Going beyond stereotypes of Native faith

Conscience, culture guide the faith of a Native American

10/12/2013
BY TK BARGER
BLADE RELIGION EDITOR

Jamie Oxendine has experience exercising his freedom of religion. He had to assert his freedom to practice according to his culture in front of a judge in 1997. He was on trial as part of a three-state investigation into people possessing items that can be illegal, such as feathers from federally protected birds. As a Christian who is also a Native American, Mr. Oxendine said that traditional items from his culture helped him to be close to God. One reason he was in court in Ohio, where he was arrested, was that his tribe, the Lumbee, from North Carolina, is not recognized by the U.S. government.

“I was facing, like, six years and $100,000,” Mr. Oxendine said. “The judge wanted to know what I did as my faith, and I said, 'Well, I do practice Christianity, and I also practice my culture.'” The argument from Mr. Oxendine and his attorney, Jeffery Crowther, was that he was born and raised in a Native American culture--federal recognition didn't matter. The judge's ruling “said that regardless of who I worshiped--and I worship God--he said the state of Ohio says that every man has a right to worship God according to his own conscience. If I am not allowed to have things that I find are a symbol to get closer to God, then I can't worship God, and so the charges were completely dismissed.”
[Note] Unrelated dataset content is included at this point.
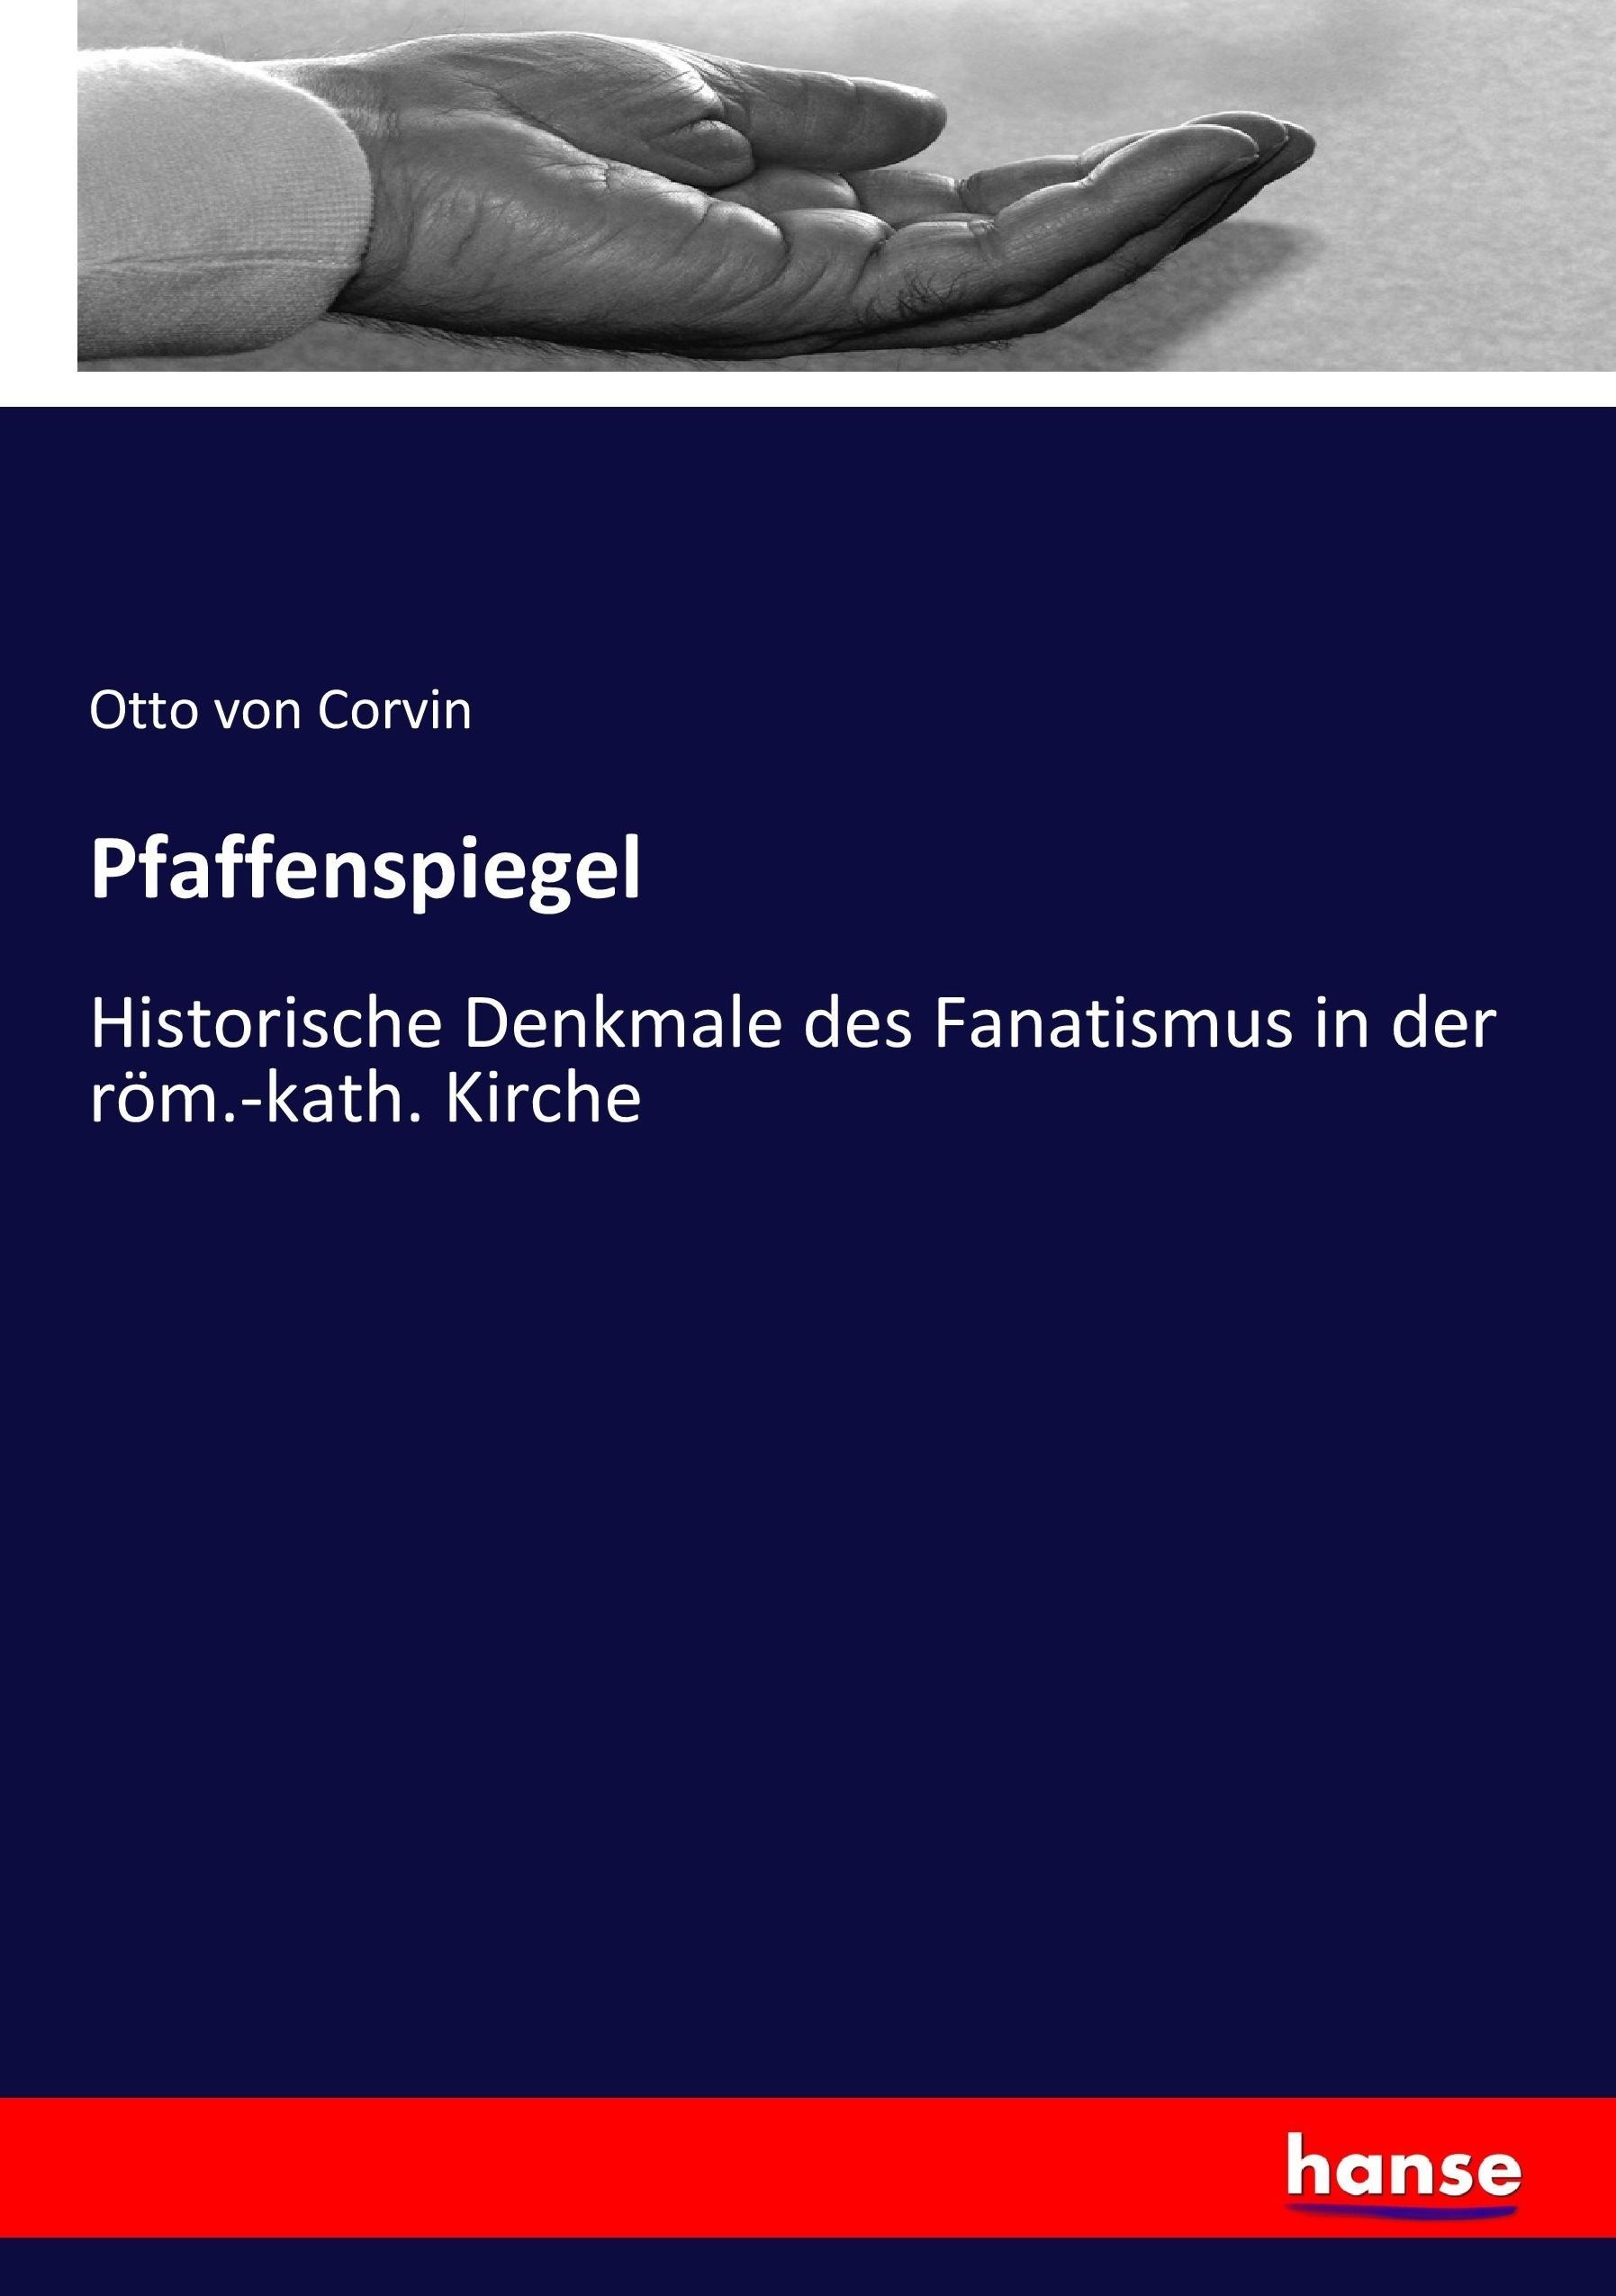 Pfaffenspiegel Otto von Corvin - Picture 1 of 1

Today Jamie Oxendine gives presentations and performances about Native American life, culture, people, and activities. He lives in Perrysburg, and, besides teaching in the Bowling Green public schools, he is director of the Black Swamp InterTribal Foundation, a nonprofit Native American educational and service organization that hosts the annual Woodland Indian Celebration, and he is editor of the Web site PowWows.com.

Mr. Oxendine simply describes his religious affiliation as Christian; he attends First Christian Church (Disciples of Christ) in Bowling Green. “I have no problem with [being Christian] and being Native at the same time and taught all our traditions,” he said. He did say that some people do have a problem, referring to “the atrocities of the Europeans and later Americans, and doing everything in the name of God. I say that has nothing to do with Native America. Man's been doing that forever; he takes the name of God in vain, so why wouldn't he use anything he does and say it's in the name of God?”

Mr. Oxendine said that much of what is perceived as Native American religion is stereotyped. He said that passing a pipe is something most people think all Native Americans do, and “that we all do sweat lodges and we all do the sun dance. Those are probably the most common stereotypes. Absolutely positively everything is 100 percent sacred” is another one.

“There's different types of uses of the pipe,” Mr. Oxendine said. “And the sun dance was not for all tribes, and not everybody did sweat lodges.”

He said that for drumming, “The playing of the drum and the singing is sacred, yet at the same time the drum can do a nonreligious performance like an education event, living history event, even something like, well, powwows or gatherings." That is similar to the way the Bible is used, he said. "While the Bible may be sacred, it doesn't mean you can't take the Bible with you and read it anywhere you want to. It doesn't mean the Bible has to be read only at church.... It's not exactly the best analogy, but it comes close, I think, to getting some people to understand.

Calling people chief or shaman or medicine man according to the way they are dressed is another inaccuracy, Mr. Oxendine said, "that came from bad dime-store novels and bad Hollywood movies.” Also, “Too many people jumped on the 'New Age' bandwagon and were using symbols of our culture and faith and ideas and making money off of it."

"There is no one Native American faith," Mr. Oxendine said. "There are many faiths from the Atlantic and Pacific and from North America and South America … and there are a lot of Natives that practice Christianity and have accepted various forms of Christianity.”

Mr. Oxendine said that belief in "a greater higher powerful being or beings, depending on what nations, that had created everything” is common in Native American culture. He said that Native Americans strove “to try to connect with that, and you could see that in the natural world, so you could see the living things, and we are an integral part of that.” But the religious practices of different nations are more specific to the nation, not common to all.

As for the holiday known as Columbus Day, Mr. Oxendine said, “I know that a lot of our people have a problem with the concept of Columbus Day. I try to tell them that … if it hadn't been Columbus, it was going to be somebody soon. … I would like to see the federal government not have it as a holiday.

"Native American Day, that would be nice to see the American government do.”